From 1855, until his retirement in 1885, von Stein was a professor of Political economy at the University of Vienna. His work from that period is considered as the basis of the international science of public administration. He also influenced the practice of public finance.

In 1882, Japanese Prime Minister of Japan Itō Hirobumi headed a delegation to Europe to study western governmental systems. The delegation went first to Berlin, where they were instructed by Rudolf von Gneist, and then Vienna, where Stein was lecturing at the University of Vienna. As with Gneist, Stein's message to the Japanese delegation was that universal suffrage and party politics should be avoided. Stein held that the state was above society, and that the purpose of the state was to bring about social reform, which was implemented from the monarchy down to the common people.

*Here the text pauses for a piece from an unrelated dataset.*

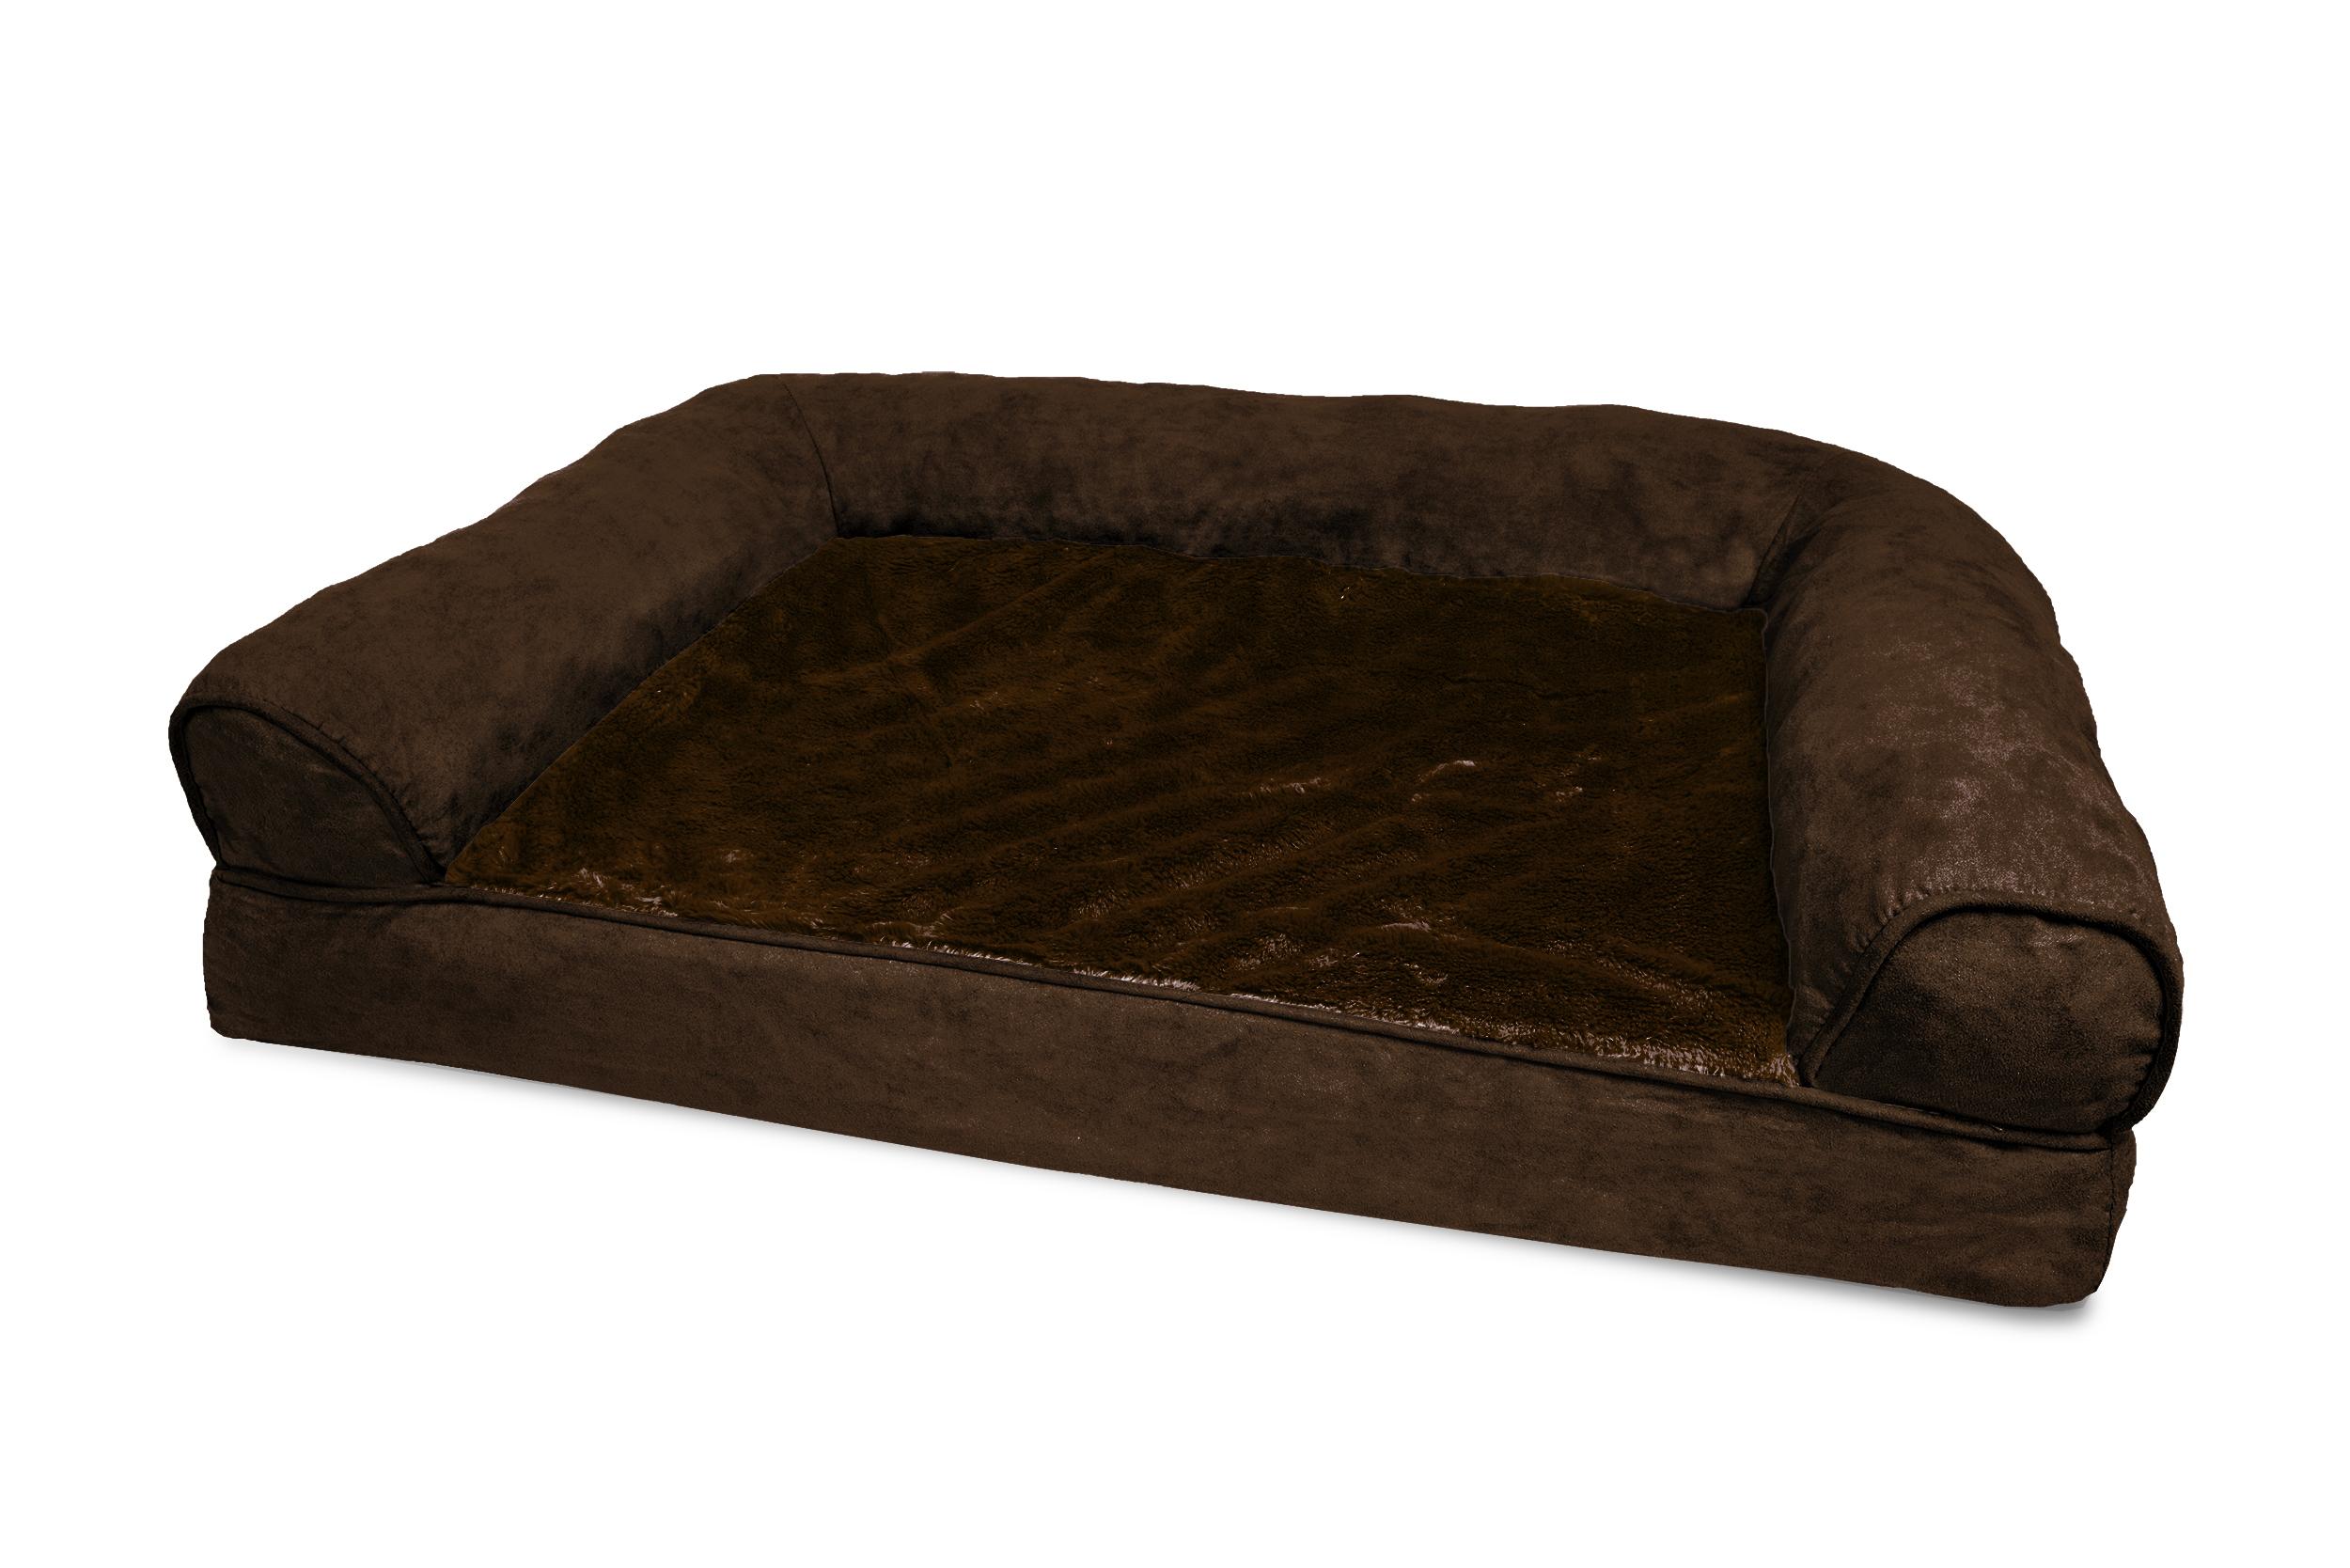 Furhaven Plush Suede Orthopedic Sofa Dog Bed

However, Stein is best known for the fact that he applied Hegel's dialectic to the area of public administration and the national economy, in order to improve the systematics of these sciences, although he did not neglect the historical aspects.

Stein analyzed the class state of his time and compared it with the welfare state. He outlined an economic interpretation of history that included concepts of the proletariat and of class struggle, but he shared the fear of violent revolution common among middle-class liberals and advocated reformist solutions instead. He gave emphasis to the "Social Question" that the industrial worker in a capitalist country has no chance to acquire property and capital by work, which was to be addressed by a program of welfare state and social administration arranged according to the liberal principle of free and equal individual chances.

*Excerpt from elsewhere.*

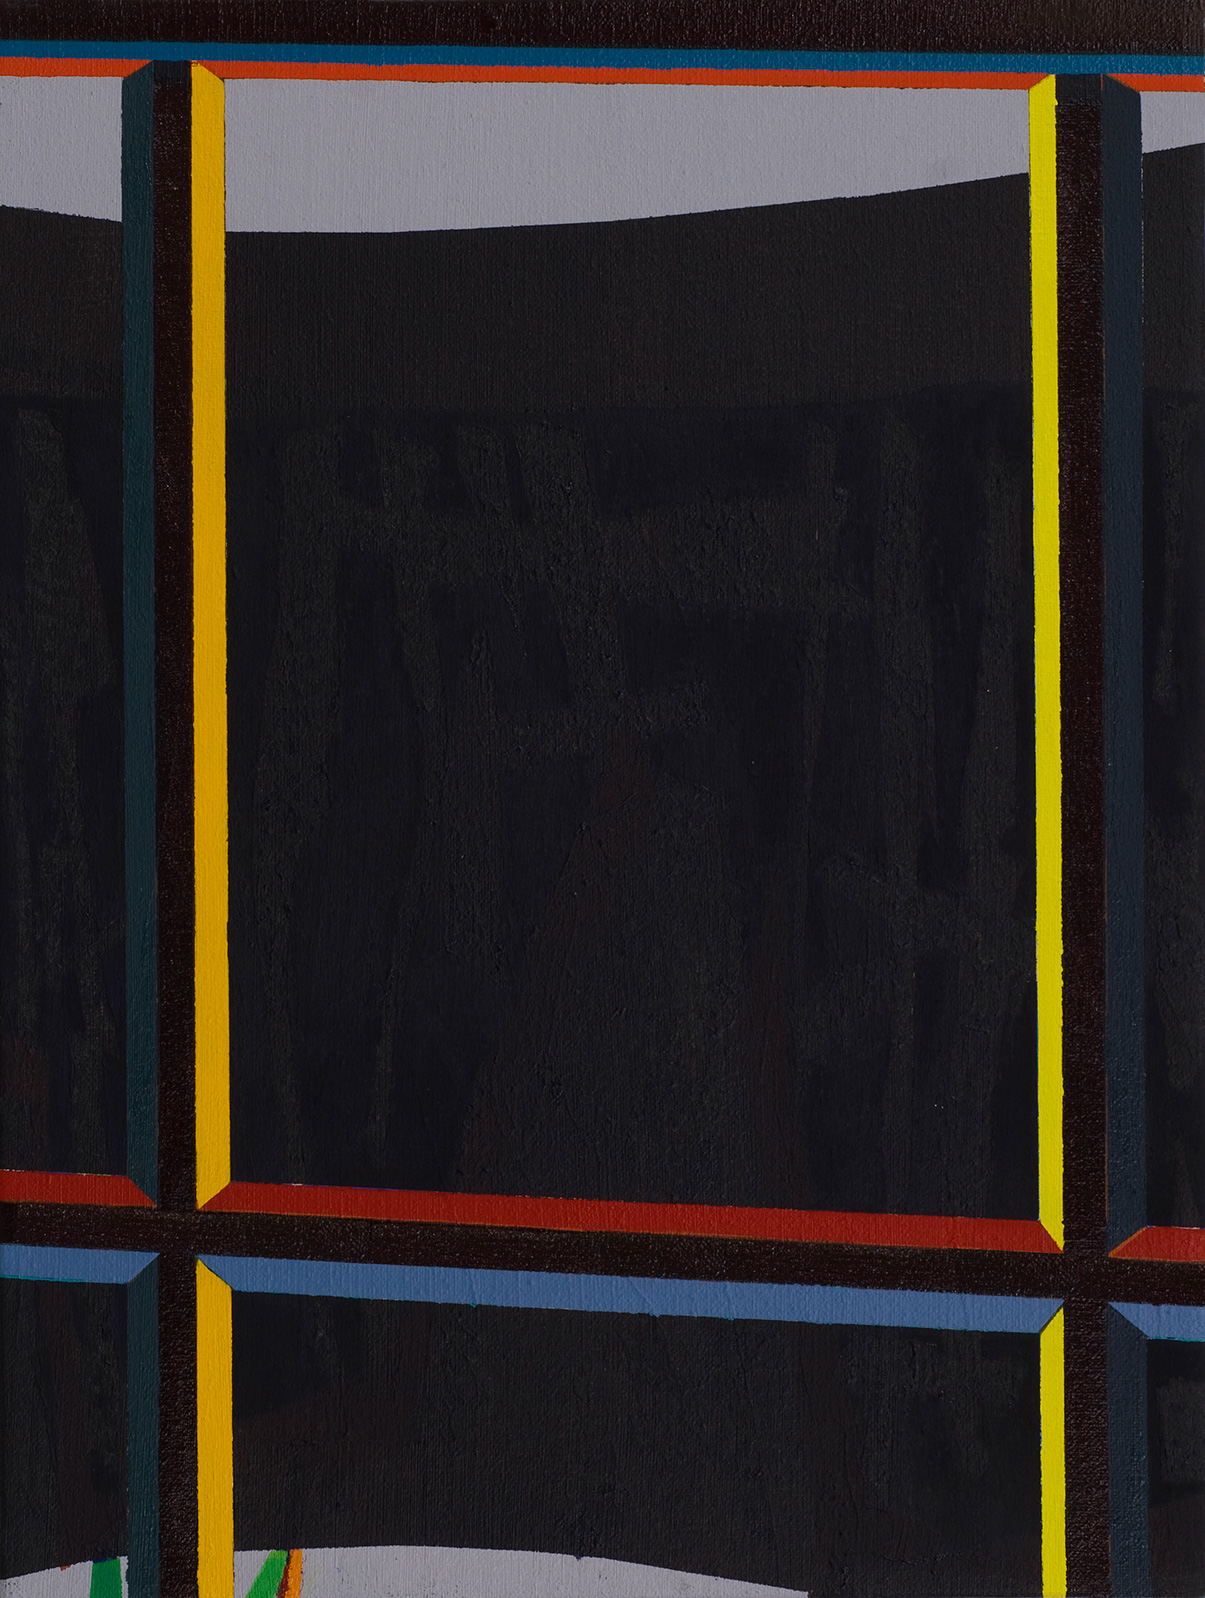 Small window   2012

Despite a similarity of his ideas with those of Marxism, the extent of Stein's influence on Karl Marx is uncertain. However, Marx shows by scattered remarks on von Stein that he was aware of his highly influential book from 1842 on communist thought in France. For instance in The German Ideology (1845–46), Stein is mentioned, but only as the writer of his 1842 book.

Stein died at his home in Hadersdorf-Weidlingau in the Penzing District of Vienna and was buried at the Matzleinsdorf Protestant Cemetery.

== Books ==
- Der Sozialismus und Kommunismus des heutigen Frankreich, Leipzig 1842, second edition, 1847.
- Die sozialistischen und kommunistischen Bewegungen seit der dritten französischen Revolution, Stuttgart, 1848.
- Geschichte der sozialen Bewegung in Frankreich von 1789 bis auf unsere Tage, Leipzig, 1850, 3 volumes.
- Geschichte des französischen Strafrechts, Basel, 1847.
- Französische Staats- und Rechtsgeschichte, Basel, 1846- 1848, 3 volumes.
- System der Staatswissenschaft, Volume 1: Statistik, Basel, 1852; Volume 2: Gesellschaftslehre, Basel, 1857.
- Die neue Gestaltung der Geld- und Kreditverhältnisse in Österreichklñjo , Vienna, 1855.
- Lehrbuch der Volkswirtschaft, Vienna, 1858; third edition as Lehrbuch der Nationalökonomie, third edition,1887.
- Lehrbuch der Finanzwissenschaft, Leipzig, 1860; fifth edition, 1885 - 1886, 4 volumes.
- Die Lehre vom Heerwesen, Stuttgart, 1872.
- Verwaltungslehre, Stuttgart, 1865- 1884, 8 volumes.
- Handbuch der Verwaltungslehre, Stuttgart, 1870; third edition, 1889, 3 volumes.